Department of Biostatistics and Medical Informatics, Faculty of Medicine, Inonu University, Malatya 44280, Turkey.
Department of Physiology, College of Medicine, King Khalid University, Abha 61421, Saudi Arabia.
Nutrients. 2024 May 20;16(10):1537. doi: 10.3390/nu16101537.
This study aims to identify unique metabolomics biomarkers associated with Type 2 Diabetes (T2D) and develop an accurate diagnostics model using tree-based machine learning (ML) algorithms integrated with bioinformatics techniques.
Univariate and multivariate analyses such as fold change, a receiver operating characteristic curve (ROC), and Partial Least-Squares Discriminant Analysis (PLS-DA) were used to identify biomarker metabolites that showed significant concentration in T2D patients. Three tree-based algorithms [eXtreme Gradient Boosting (XGBoost), Light Gradient Boosting Machine (LightGBM), and Adaptive Boosting (AdaBoost)] that demonstrated robustness in high-dimensional data analysis were used to create a diagnostic model for T2D.

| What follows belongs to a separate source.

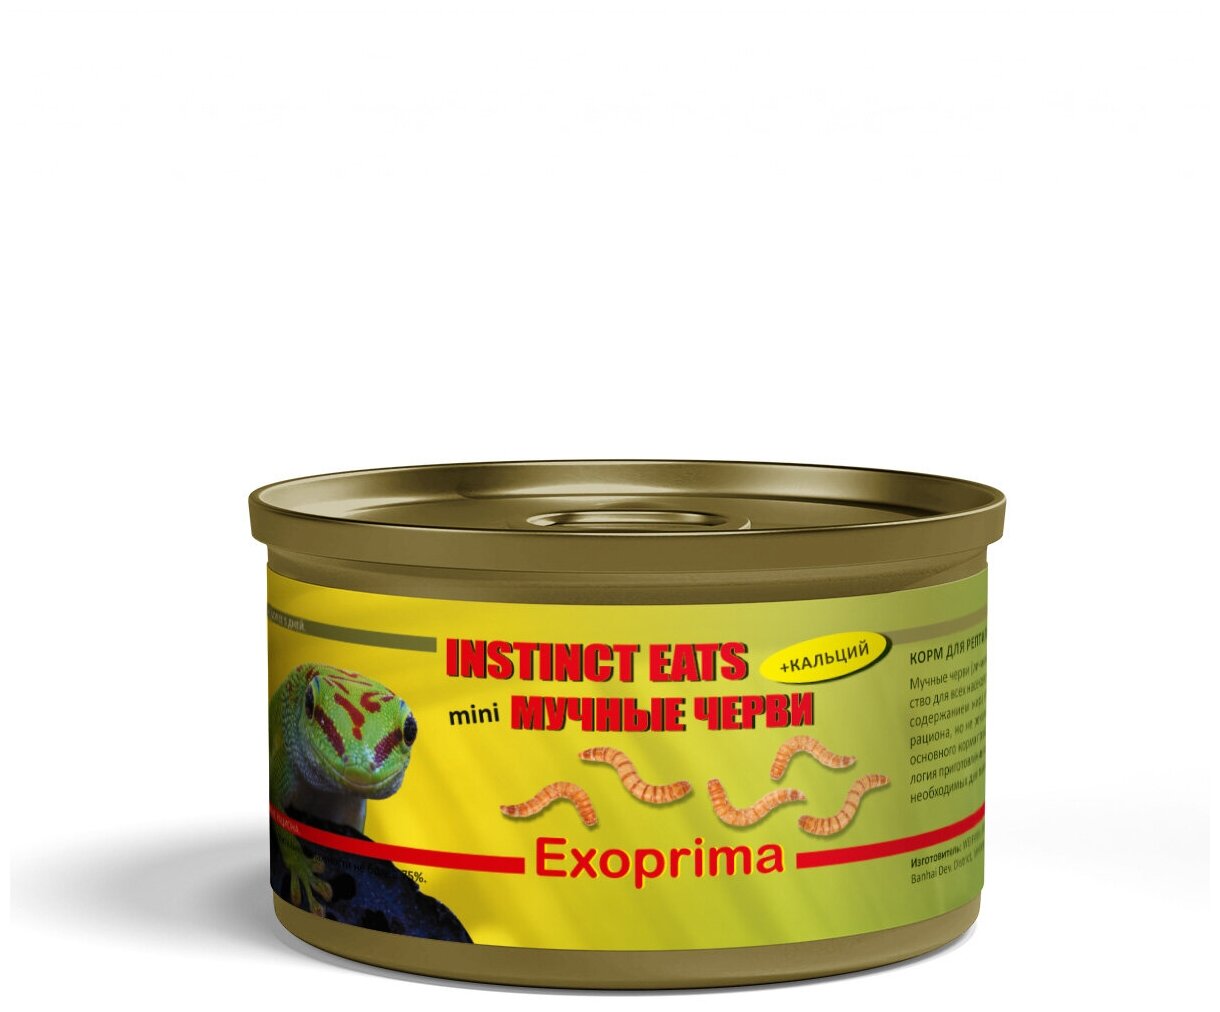 EXOPRIMA Instinct Eats Корм для рептилий консервированный "Мучные черви мини", З5гр Exoprima ExoFood - фото №3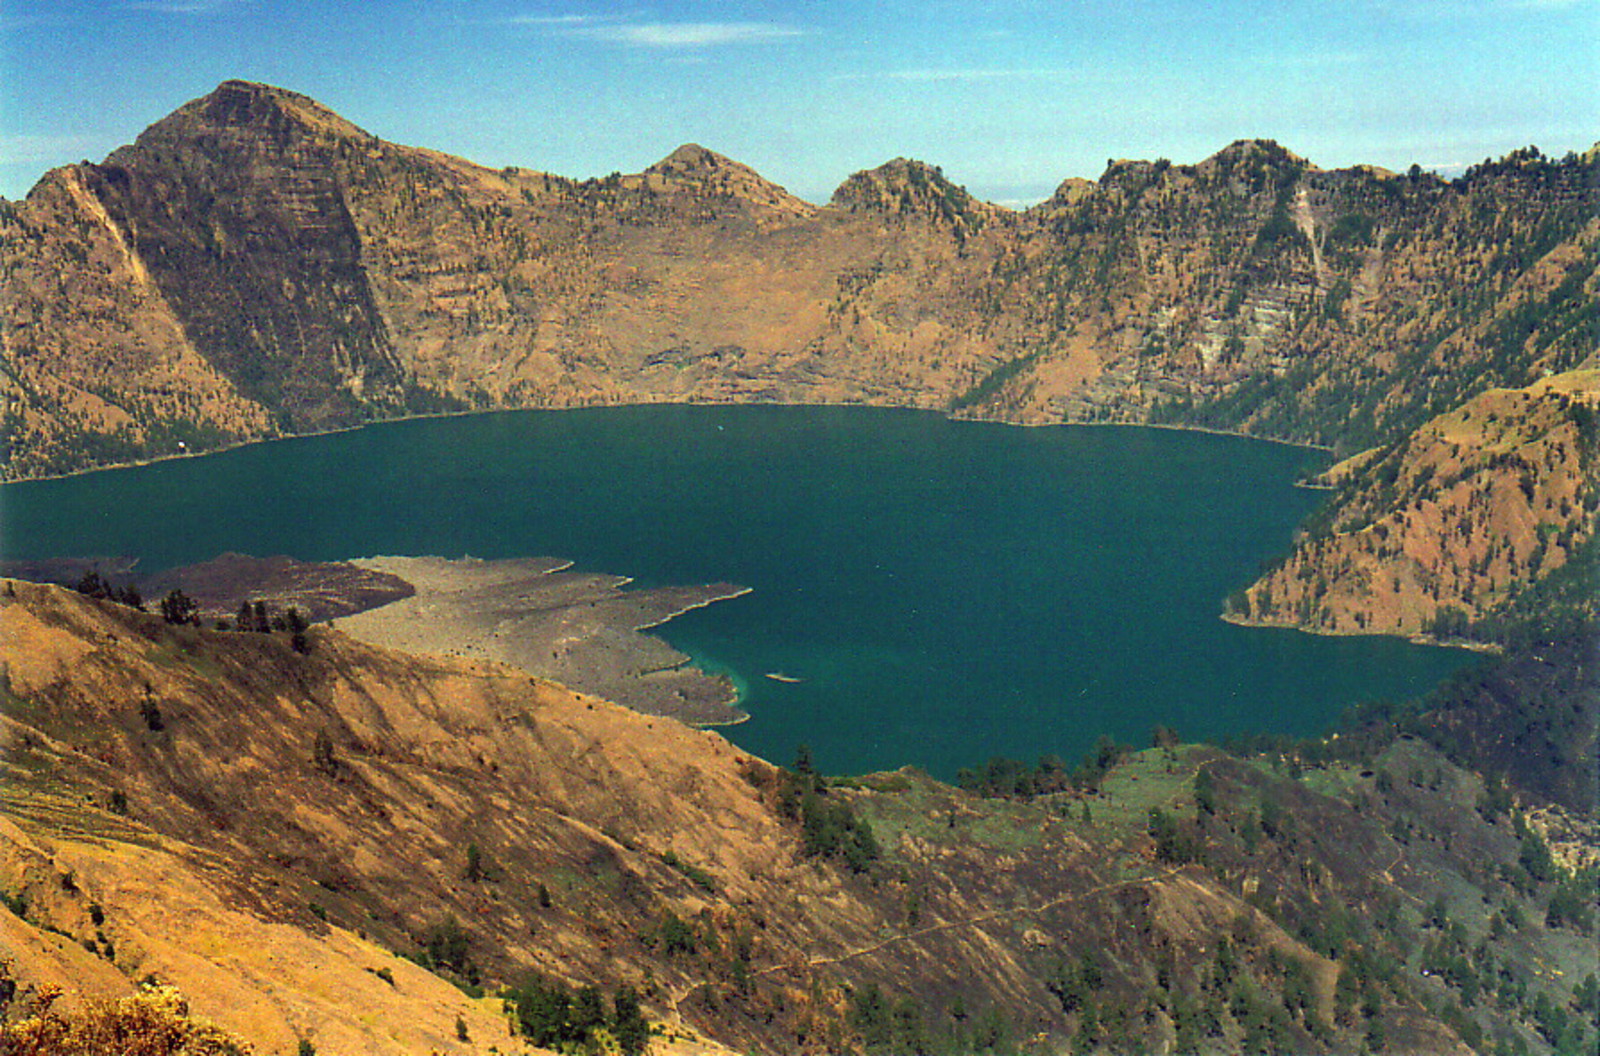 The main crater, Gunung Rinjani

As a result of the biomarker discovery process validated with three different approaches, Pyruvate, D-Rhamnose, AMP, pipecolate, Tetradecenoic acid, Tetradecanoic acid, Dodecanediothioic acid, Prostaglandin E3/D3 (isobars), ADP and Hexadecenoic acid were determined as potential biomarkers for T2D. Our results showed that the XGBoost model [accuracy = 0.831, F1-score = 0.845, sensitivity = 0.882, specificity = 0.774, positive predictive value (PPV) = 0.811, negative-PV (NPV) = 0.857 and Area under the ROC curve (AUC) = 0.887] had the slight highest performance measures.
ML integrated with bioinformatics techniques offers accurate and positive T2D candidate biomarker discovery. The XGBoost model can successfully distinguish T2D based on metabolites.
本研究旨在确定与 2 型糖尿病(T2D)相关的独特代谢组学生物标志物,并使用基于树的机器学习(ML)算法与生物信息学技术相结合开发准确的诊断模型。
使用单变量和多变量分析,如折叠变化、接收者操作特征曲线(ROC)和偏最小二乘判别分析(PLS-DA),以确定在 T2D 患者中显示出显著浓度的生物标志物代谢物。使用三种基于树的算法[极端梯度提升(XGBoost)、轻梯度提升机(LightGBM)和自适应提升(AdaBoost)]来创建 T2D 的诊断模型,这些算法在高维数据分析中表现出稳健性。
通过三种不同方法验证的生物标志物发现过程,丙酮酸、D-鼠李糖、AMP、哌啶酸、十四烯酸、十四烷酸、十二烷二硫酸、前列腺素 E3/D3(等重)、ADP 和十六烯酸被确定为 T2D 的潜在生物标志物。我们的结果表明,XGBoost 模型[准确性=0.831、F1 得分=0.845、灵敏度=0.882、特异性=0.774、阳性预测值(PPV)=0.811、阴性预测值(NPV)=0.857 和 ROC 曲线下面积(AUC)=0.887]具有稍高的性能指标。
与生物信息学技术相结合的 ML 提供了准确且积极的 T2D 候选生物标志物发现。XGBoost 模型可以成功基于代谢物区分 T2D。